On Fri, Jul 11, 2025 at 11:20:30AM +0530, K Prateek Nayak wrote:
> On 7/10/2025 4:27 PM, Li Chen wrote:
> > /*
> > * .. and append 'j' levels of NUMA goodness.
> > */
> > for (j = 1; j < nr_levels; i++, j++) {
> > - tl[i] = (struct sched_domain_topology_level){
> > - .mask = sd_numa_mask,
> > - .sd_flags = cpu_numa_flags,
> > - .flags = SDTL_OVERLAP,
> > - .numa_level = j,
> > - SD_INIT_NAME(NUMA)
> > - };
> > + tl[i] = SDTL_INIT(sd_numa_mask, cpu_numa_flags, NUMA);
> > + tl[i].numa_level = j;
> > + tl[i].flags = SDTL_OVERLAP;
>
> Tangential discussion: I was looking at this and was wondering why we
> need a "tl->flags" when there is already sd_flags() function and we can
> simply add SD_OVERLAP to sd_numa_flags().
>
> I think "tl->flags" was needed when the idea of overlap domains was
> added in commit e3589f6c81e4 ("sched: Allow for overlapping sched_domain
> spans") when it depended on "FORCE_SD_OVERLAP" sched_feat() which
> allowed toggling this off but that was done away with in commit
> af85596c74de ("sched/topology: Remove FORCE_SD_OVERLAP") so perhaps we
> can get rid of it now?
>
> Relying on SD_NUMA should be enough currently. Peter, Valentin, what do
> you think of something like below?
I think you're right. SD_NUMA appears to be the one and only case that
also has SDTL_OVERLAP which then results in setting SD_OVERLAP, making
SD_NUMA and SD_OVERLAP equivalent and SDTL_OVERLAP redundant.
I'll presume you're okay with me adding your SoB to things, and I'll
push out all 5 patches to queue/sched/core to let the robots have a go
at things.
(trimming the cc to only kernel/sched folks to reduce the noise)

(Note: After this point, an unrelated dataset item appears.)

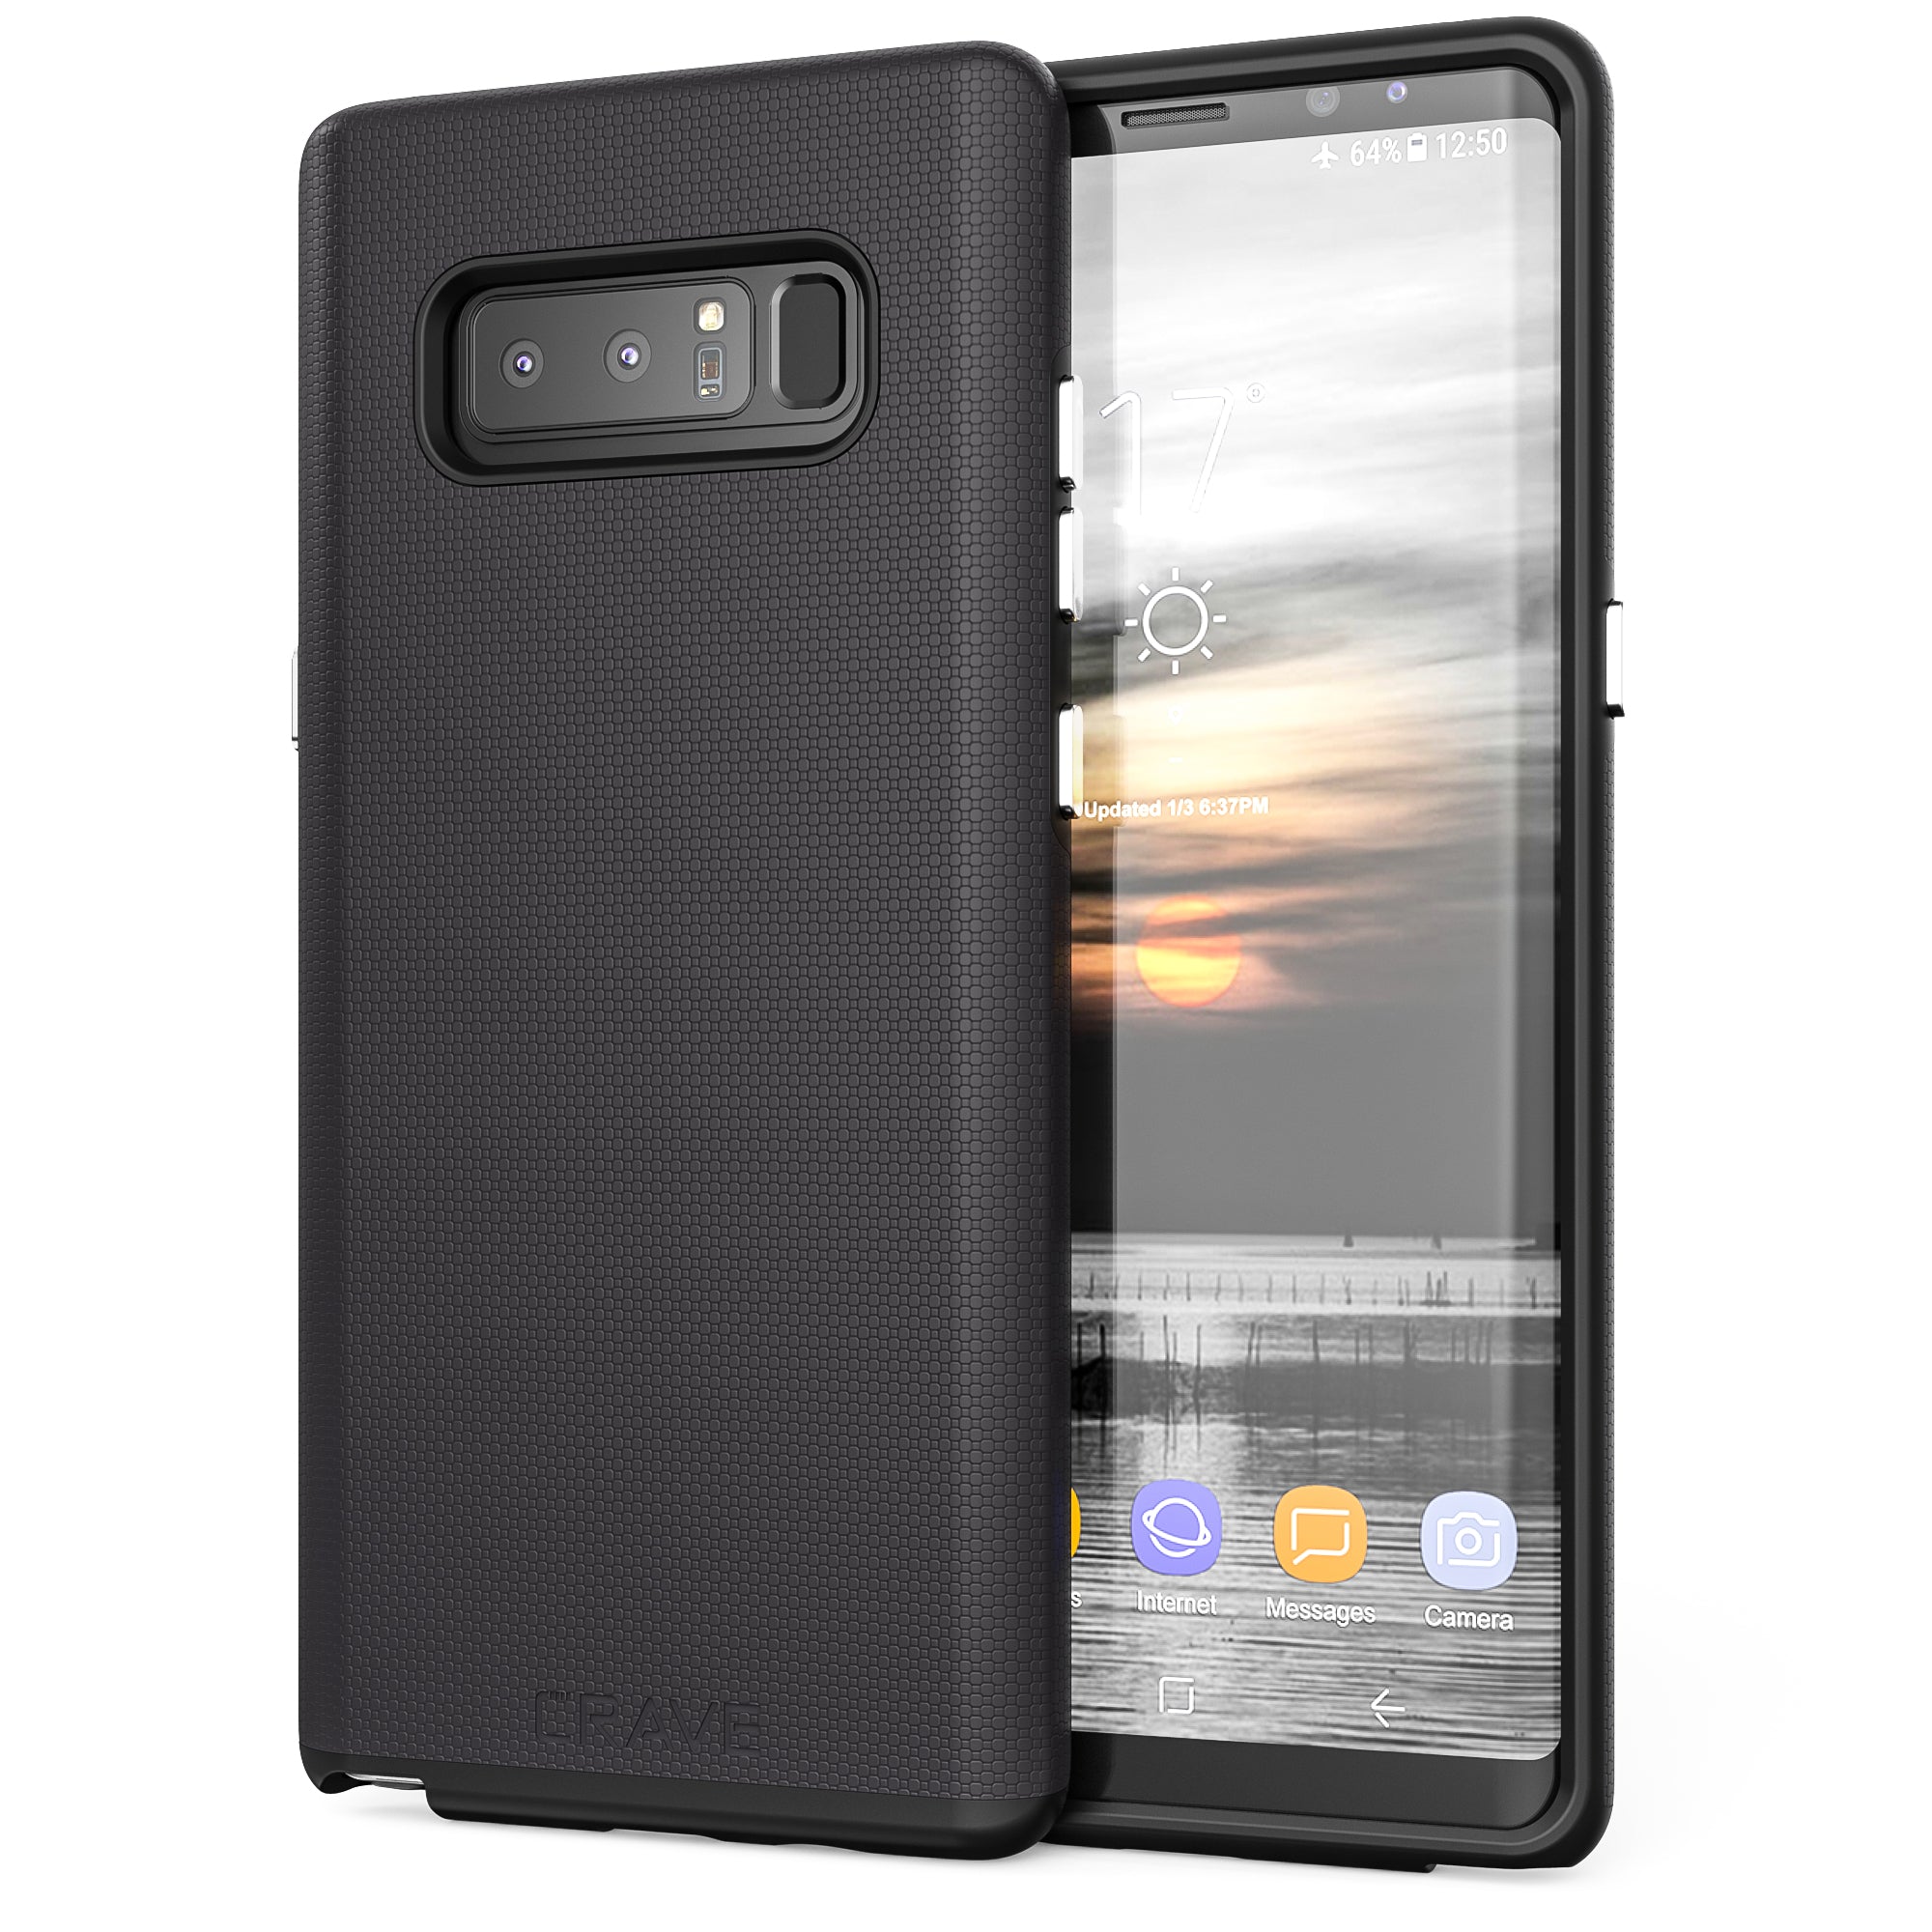 Samsung Galaxy Note 8 Cases - Crave Direct

On 7/11/2025 6:36 PM, Peter Zijlstra wrote:
> On Fri, Jul 11, 2025 at 11:20:30AM +0530, K Prateek Nayak wrote:
>> On 7/10/2025 4:27 PM, Li Chen wrote:
>>> /*
>>> * .. and append 'j' levels of NUMA goodness.
>>> */
>>> for (j = 1; j < nr_levels; i++, j++) {
>>> - tl[i] = (struct sched_domain_topology_level){
>>> - .mask = sd_numa_mask,
>>> - .sd_flags = cpu_numa_flags,
>>> - .flags = SDTL_OVERLAP,
>>> - .numa_level = j,
>>> - SD_INIT_NAME(NUMA)
>>> - };
>>> + tl[i] = SDTL_INIT(sd_numa_mask, cpu_numa_flags, NUMA);
>>> + tl[i].numa_level = j;
>>> + tl[i].flags = SDTL_OVERLAP;
>>
>> Tangential discussion: I was looking at this and was wondering why we
>> need a "tl->flags" when there is already sd_flags() function and we can
>> simply add SD_OVERLAP to sd_numa_flags().
>>
>> I think "tl->flags" was needed when the idea of overlap domains was
>> added in commit e3589f6c81e4 ("sched: Allow for overlapping sched_domain
>> spans") when it depended on "FORCE_SD_OVERLAP" sched_feat() which
>> allowed toggling this off but that was done away with in commit
>> af85596c74de ("sched/topology: Remove FORCE_SD_OVERLAP") so perhaps we
>> can get rid of it now?
>>
>> Relying on SD_NUMA should be enough currently. Peter, Valentin, what do
>> you think of something like below?
>
> I think you're right. SD_NUMA appears to be the one and only case that
> also has SDTL_OVERLAP which then results in setting SD_OVERLAP, making
> SD_NUMA and SD_OVERLAP equivalent and SDTL_OVERLAP redundant.
>
> I'll presume you're okay with me adding your SoB to things, and I'll
> push out all 5 patches to queue/sched/core to let the robots have a go
> at things.
Works for me! If you need a formal commit message:
Support for overlapping domains added in commit e3589f6c81e4 ("sched:
Allow for overlapping sched_domain spans") also allowed forcefully
setting SD_OVERLAP for !NUMA domains via FORCE_SD_OVERLAP sched_feat().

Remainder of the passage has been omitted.